The Department of Homeland Security wrongly second-guessed the federal labor department in denying an application by a mental health residential care group – Hoosier Care Inc. – asking for labor certification and immigrant visas for two Filipinos, the 7th Circuit Court of Appeals ruled today.
An eight-page opinion in Hoosier Care Inc. v. Michael Chertoff, Secretary of Homeland Security, et al., comes from a decision last year in the U.S. District Court for the Central District of Illinois.
Hoosier Care, a non-profit organization that operates in both Illinois and Indiana, wanted to hire two Filipinos without American citizenship to be staff members to help take care of disabled adults and children at one of its Illinois facilities. They were to be "developmental disability specialists," the suit says. In order to hire them, the company had to first receive alien labor certification before being able to obtain immigrant visas for the pair.

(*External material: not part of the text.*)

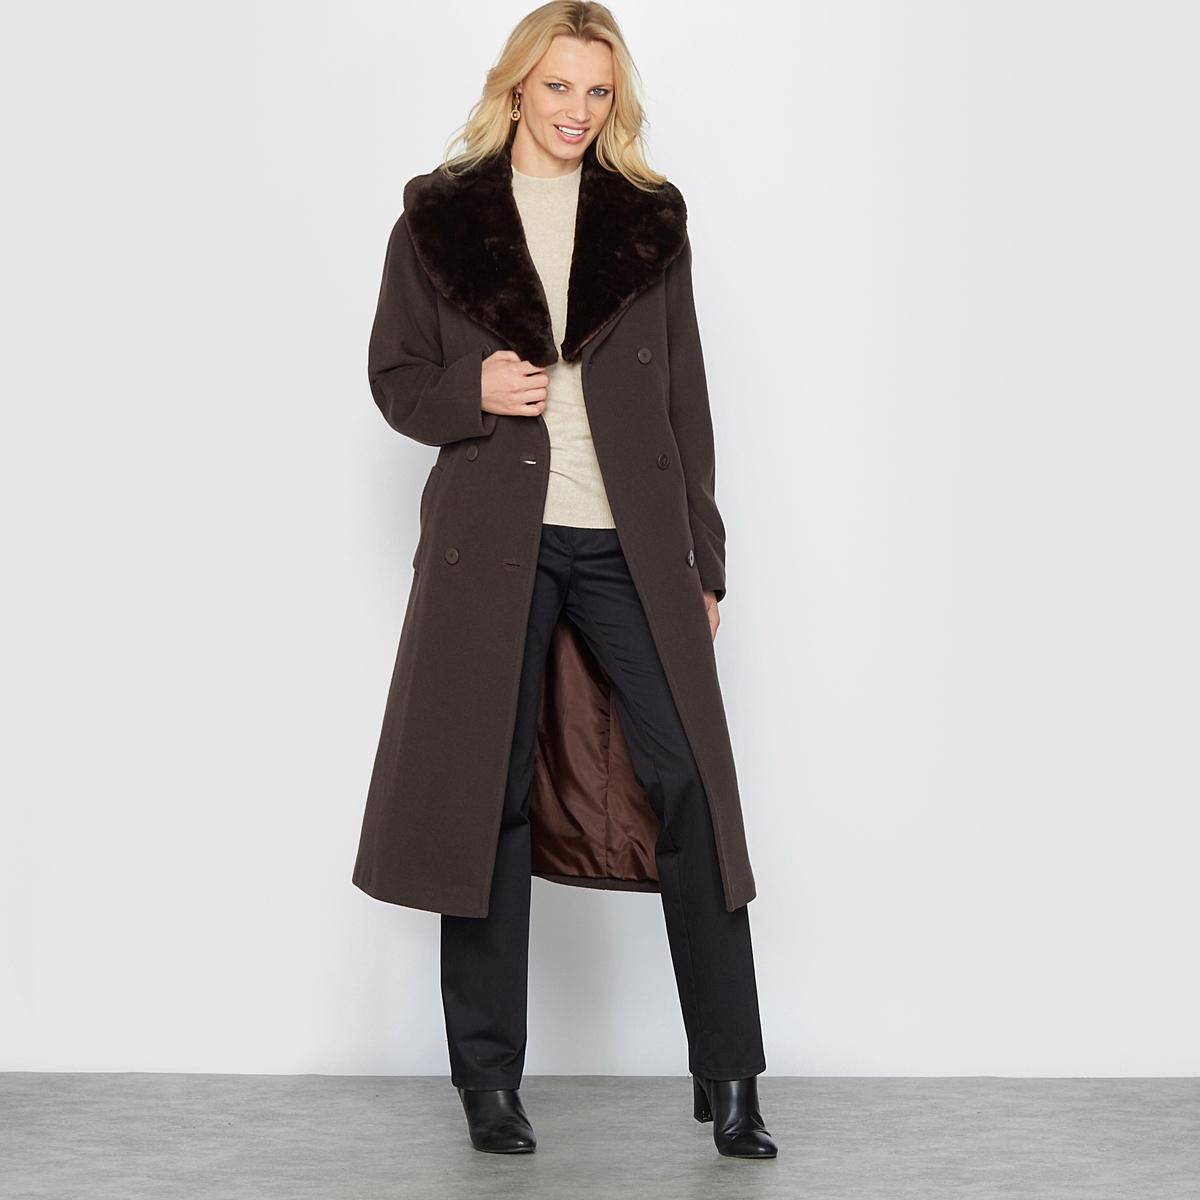 Пальто прямое из шерстиДлинное зимнее пальто, практичное и стильное, которое можно носить с воротником из искусственного меха или без него . Двубортная планка застежки. Модный пояс с завязками .Детали •  Длина  : удлиненная модель •  Воротник-поло, рубашечный • Застежка на пуговицыСостав и уход •  70% шерсти, 10% кашемира, 20% полиамида •  Подкладка : 100% полиэстер • Не стирать •  Любые растворитель / не отбеливать   •  Не использовать барабанную сушку •  Низкая температура глажки<br><br>Цвет: серый меланж/черный,темно-бежевый / шоколадный,черный/ черный<br>Размер: 40 (FR) - 46 (RUS).50 (FR) - 56 (RUS).50 (FR) - 56 (RUS).38 (FR) - 44 (RUS)

The Department of Labor granted the certification after receiving information that the two met education requirements, but the Homeland Security ;s U.S. Citizenship and Immigration Services agency later rejected the petition to classify the two eligible for "employer-based" immigration status. An Illinois District Court ruled against Hoosier Care in its challenge of the decision.
However, the three judge panel – Judges Richard Posner, Ilana Rovner and Diane Sykes – reversed the decision and remanded it to the Department of Homeland Security for further proceedings, essentially arguing that the labor department has jurisdiction here and not homeland security officials.
In the decision, Judge Posner wrote, "But the Department of Homeland Security does not argue that in conducting such and investigation in this case it was simply doing the Labor Department 's work for it. If it wants to do that, it will have to change its regulations and probably also persuade Congress to change the statute."